X-Scale` has joined ##openfpga
X-Scale has quit [Ping timeout: 268 seconds]
X-Scale` is now known as X-Scale
inoor has joined ##openfpga
emeb_mac has joined ##openfpga
X-Scale has quit [Ping timeout: 265 seconds]
X-Scale has joined ##openfpga
finsternis has quit [Excess Flood]
finsternis has joined ##openfpga
OmniMancer has joined ##openfpga
rohitksingh has quit [Ping timeout: 264 seconds]

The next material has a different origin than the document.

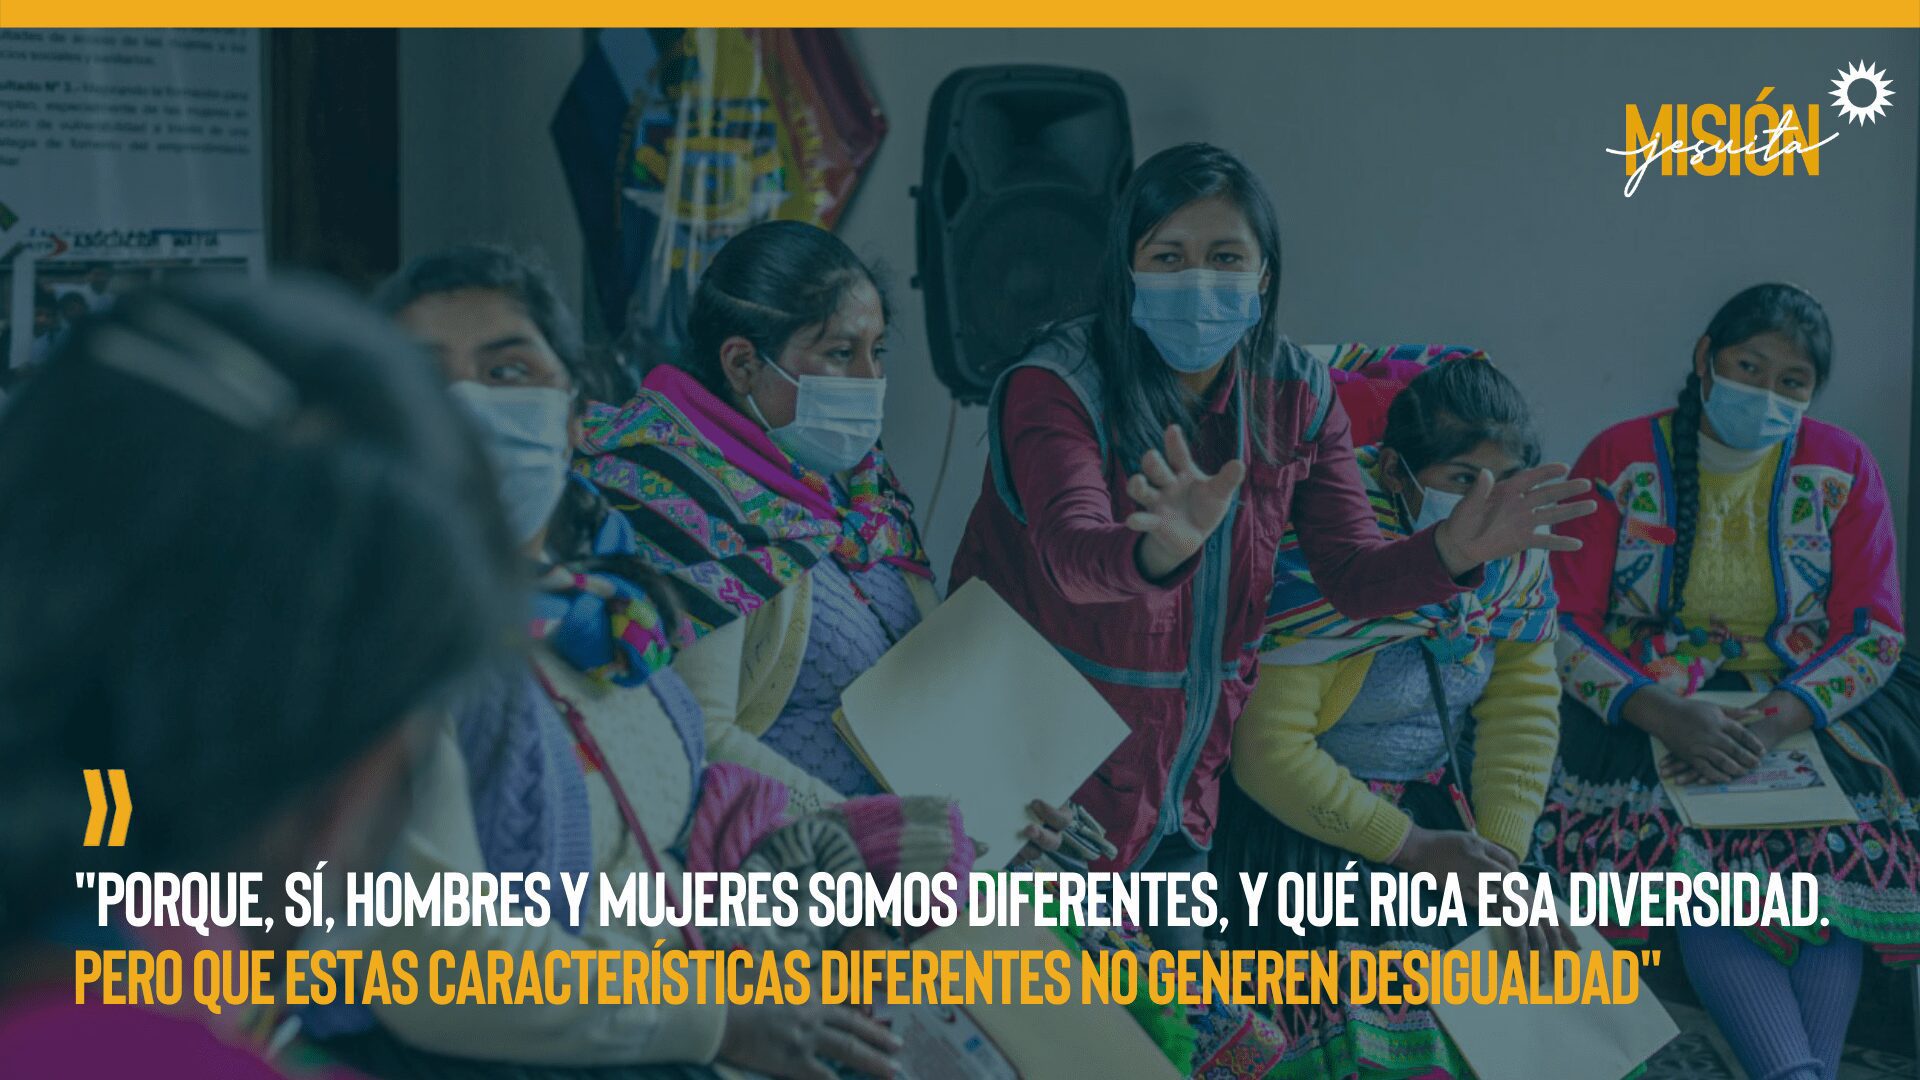 Asociación Wayra trabaja con poblaciones vulnerables de Quispicanchi en Cusco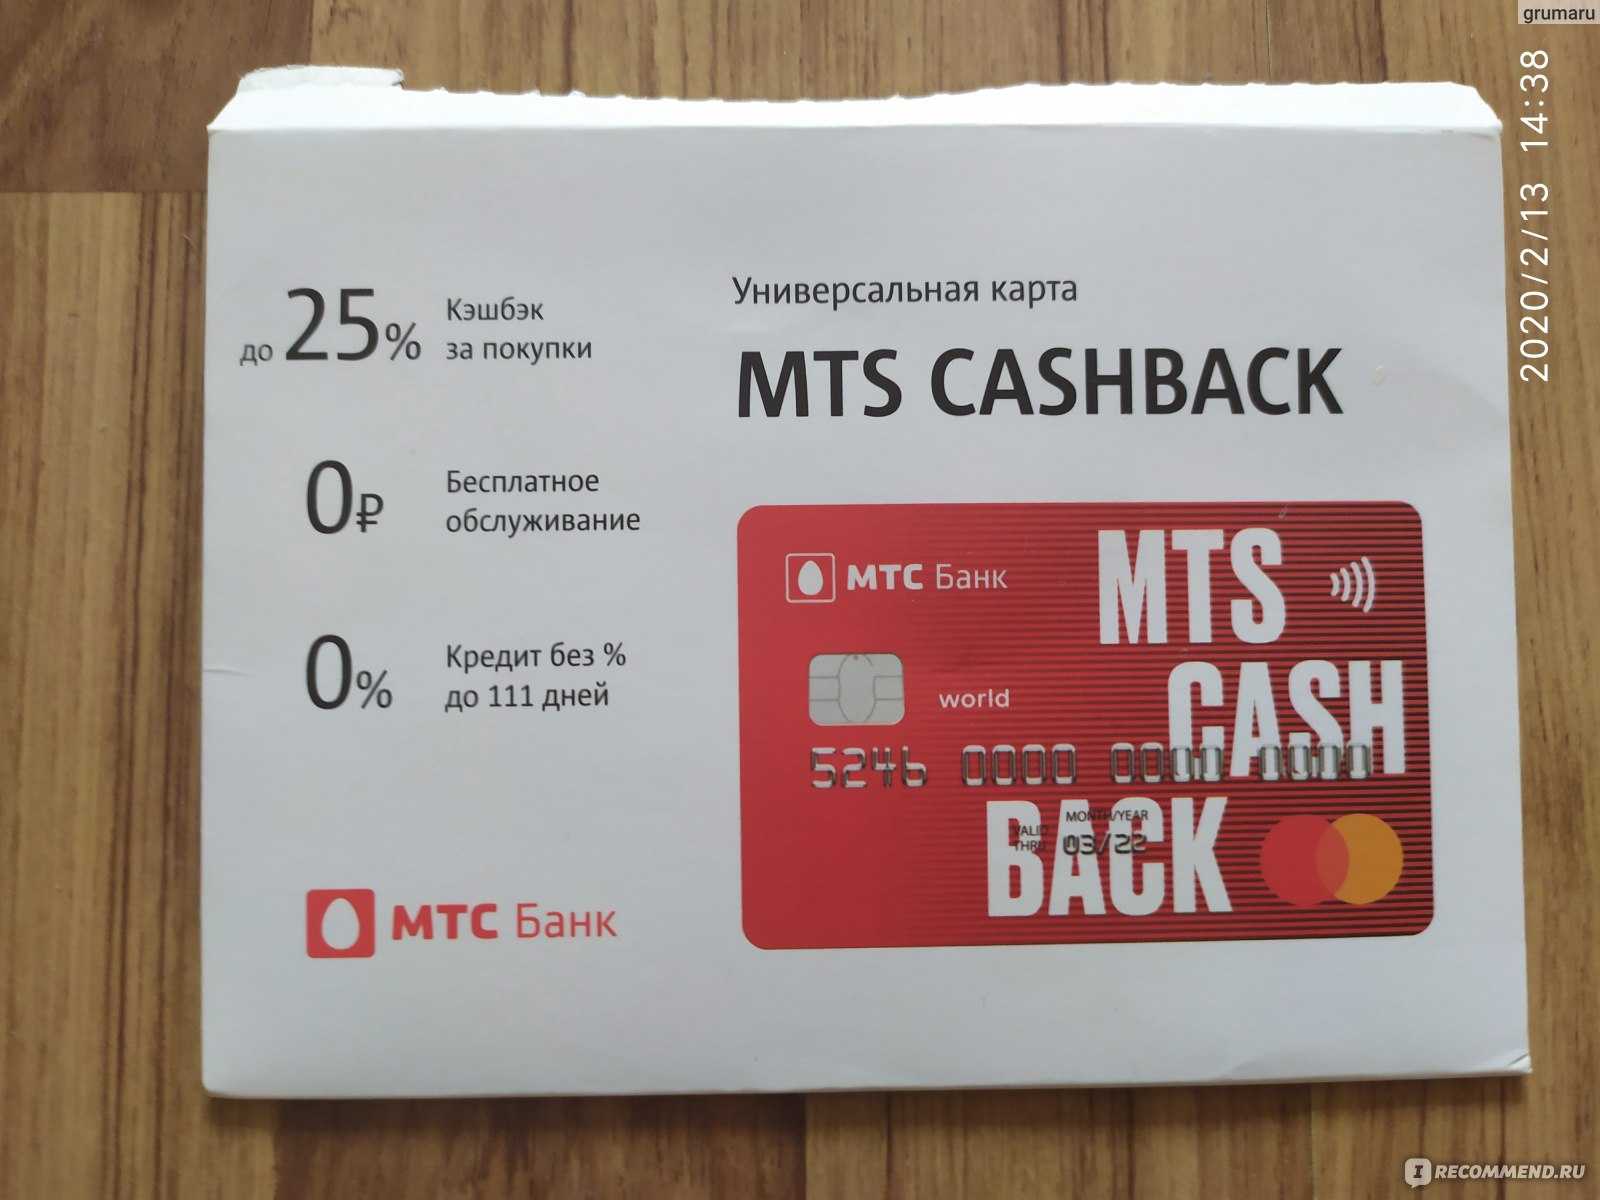 Карта "мтс cashback" - условия + отзывы + в чем подвох? - polezner

Bike has quit [Quit: Lost terminal]
_whitelogger has joined ##openfpga
freemint has quit [Ping timeout: 268 seconds]
_whitelogger has joined ##openfpga
rohitksingh has joined ##openfpga
rohitksingh has quit [Ping timeout: 250 seconds]
rohitksingh has joined ##openfpga
jemk has quit [Ping timeout: 246 seconds]
jemk has joined ##openfpga
Jybz has joined ##openfpga
_whitelogger has joined ##openfpga
_whitelogger has joined ##openfpga
inoor has quit [Quit: inoor]
emeb_mac has quit [Quit: Leaving.]
Asu has joined ##openfpga
bwidawks has joined ##openfpga
bwidawsk has quit [Ping timeout: 250 seconds]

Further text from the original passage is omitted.